Hoyt & Roberts, comps. Hoyt’s New Cyclopedia of Practical Quotations. 1922.
Difficulties
Die grössten Schwierigkeiten liegen da, wo wir sie nicht suchen.
The greatest difficulties lie where we are not looking for them.
Goethe—Sprüche in Prosa. P. 236.
Nil agit exemplum, litem quod lite resolvit.
The illustration which solves one difficulty by raising another, settles nothing.
Horace—Satires. II. 3. 103.
Many things difficult to design prove easy to performance.
Samuel Johnson—Rasselas. Ch. XIII.
Blind guides, which strain at a gnat, and swallow a camel.
Matthew. XXIII. 24.
So he with difficulty and labor hard
Mov’d on, with difficulty and labor he.
Milton—Paradise Lost. Bk. II. L. 1,021.
Ardua molimur; sed nulla nisi ardua virtus.
I attempt a difficult work; but there is no excellence without difficulty.
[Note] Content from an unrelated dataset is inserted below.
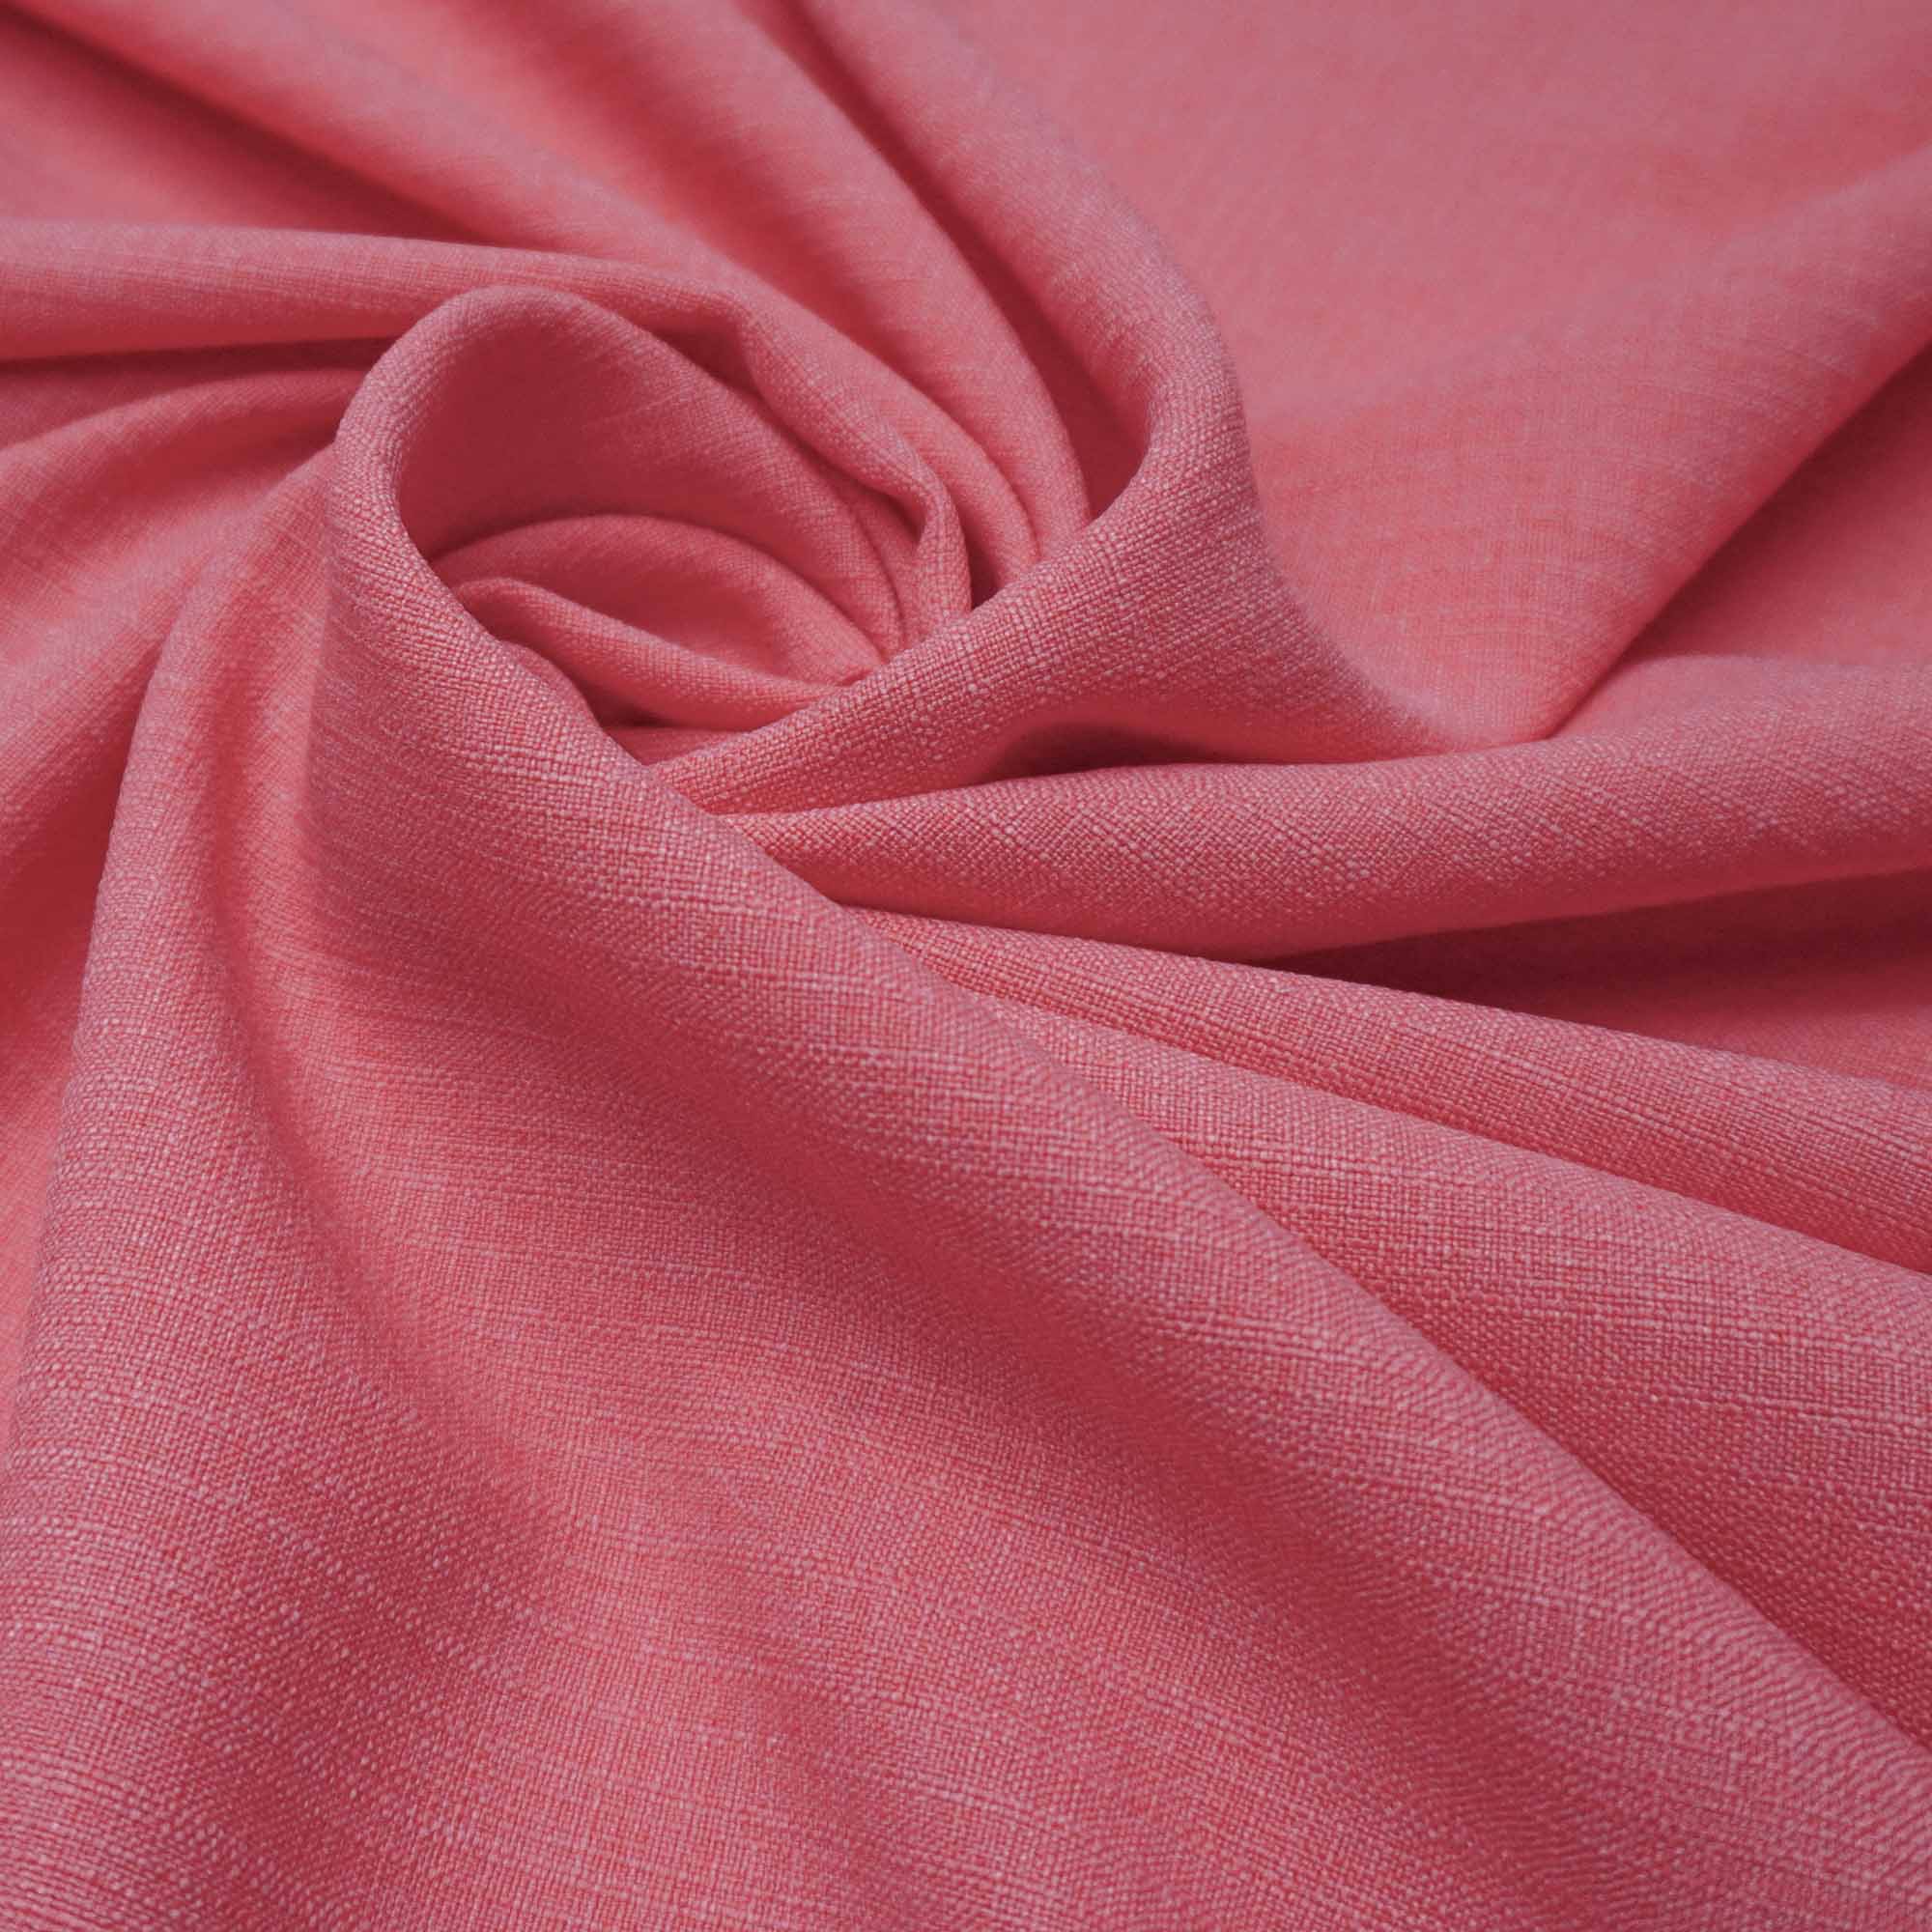 Tecido poliester com textura de linho rosa coral

Ovid—Ars Amatoria. II. 537.
Men might as well have hunted an hare with a tabre.
Richard the Redeles. (1399).
It is as hard to come as for a camel
To thread the postern of a small needle’s eye.
Richard II. Act V. Sc. 5. L. 16.
Nil tam difficile quin quærendo investigari possiet.
Nothing is so difficult but that it may be found out by seeking.
Terence—Heauton timoroumenos. IV. 2. 8. Herrick—Hesperides. No. 1009. Seek and Find.
Nulla est tam facilis res, quin difficilis siet,
Quum invitus facias.
There is nothing so easy in itself but grows difficult when it is performed against one’s will.
Terence—Heauton timoroumenos. IV. 6. 1.
There is such a choice of difficulties, that I own myself at a loss how to determine.
James Wolfe—Dispatch to Pitt. Sept. 2, 1759.